The most-actively traded Chinese companies in the U.S. are on pace to report the smallest profits in two years as growth in the world’s second-largest economy decelerates to the slowest since 1990.
Analysts covering stocks listed on the Bloomberg China-US Equity Index (HSCEI) estimate that on average they will post earnings of $5.64 per share this year, which would be the lowest profits reported since 2012, data compiled by Bloomberg show. They’ve cut revenue forecasts by 7.9 percent in the past 11 weeks.
Earnings and sales projections are falling as economists surveyed by Bloomberg estimate China’s gross domestic product expansion will slow to 7.4 percent this year, the weakest pace in 24 years, after back-to-back annual increases of 7.7 percent. While the government has implemented tax breaks, accelerated spending and cut some banks’ reserve requirements, investors are concerned that officials aren’t doing enough to stem a decline in real estate prices and boost private consumption.
“What we’re seeing now is the near-term impact of the adjustment in expectations as these policies get implemented,” Alan Gayle, senior investment strategist, who helps oversee about $50 billion for RidgeWorth Investments, said by phone from Atlanta on June 27. “They’re trying to slow down some of the more inflationary real-estate related sectors and improve overall average standards of living.”
The China-US gauge advanced 0.2 percent to 105.96 at 10:07 a.m. in New York today, cutting its loss for the year to 0.1 percent.
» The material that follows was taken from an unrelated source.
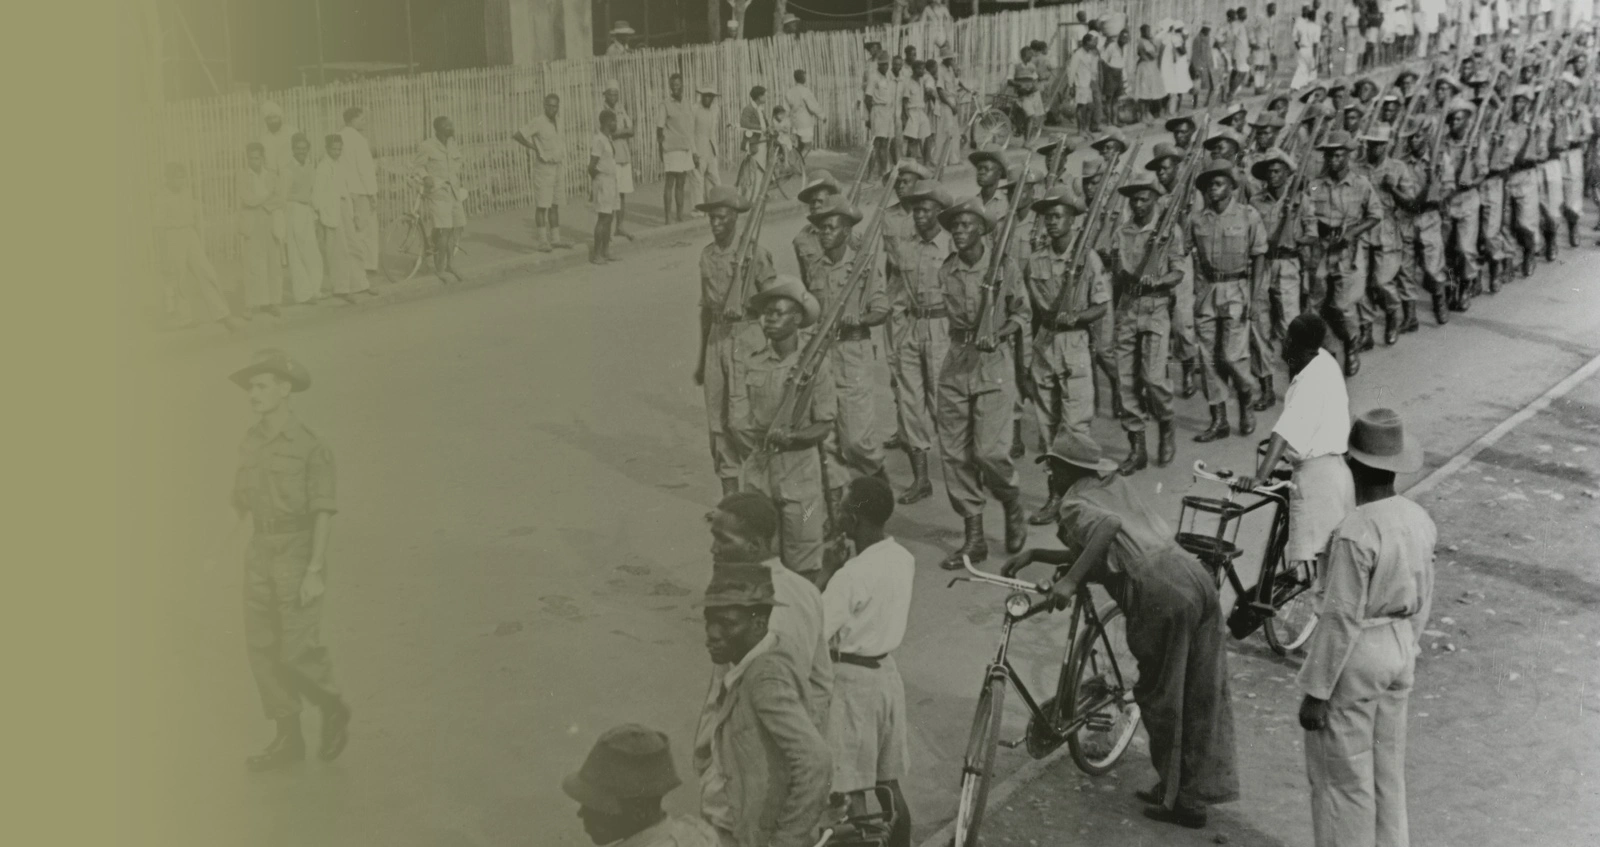 The return of 7th Battalion, The King's African Rifles, to Nairobi from Burma, 1946

That compares with a 3.2 percent drop in the Shanghai Composite Index (SHCOMP) for the first six months, and a 4.5 percent decline in the Hang Seng China Enterprises Index of Chinese companies traded in Hong Kong.
New-home prices last month fell in half the 70 cities tracked by the government for the first time in two years, the Bureau of Statistics said on June 18. SouFun Holdings Ltd. (SFUN), China’s biggest real estate information website, sank 30 percent this quarter in the second-worst performance on the Bloomberg index of the most-traded Chinese stocks in the U.S. E-House China Holdings Ltd. (EJ), a Shanghai-based online property brokerage, has dropped 28 percent.
While analysts tend to be “pessimistic,” accelerating global growth may improve the prospects for Chinese company profits, according to Katherine Nixon, Chief Investment Officer of Wealth Management at Northern Trust Corp. Economists surveyed by Bloomberg estimate world GDP expansion of 2.67 percent this year and 3.08 percent in 2015.
“Continued global central bank stimulative policies will support this growth,” Nixon said by e-mail on June 27. That “will potentially revive moribund important export markets,” she wrote.
Analyst projections indicate an average 41 percent decline in profits this year from 2013 for companies in the China-US index, data complied by Bloomberg showed. Their sales forecasts have dropped 7.9 percent on average from this year’s high on April 14.
Deutsche Bank AG cut its estimate for SouFun’s 2014 sales by 8 percent, and lowered the earnings projection by 29 percent on June 12 after the Beijing-based real-estate website discounted listing fees to some clients by 40 percent.
Stifel Nicolaus & Co. reduced its 2014 revenue forecast for Ctrip.com International Ltd. (CTRP), China’s biggest online travel agency, by 2.1 percent and its profit estimate by 3 percent in a research note dated June 24. Air China Ltd., the nation’s largest airline by market value, said it will lower its base commission rate paid to ticketing agencies to 2 percent from 3 percent from July 1.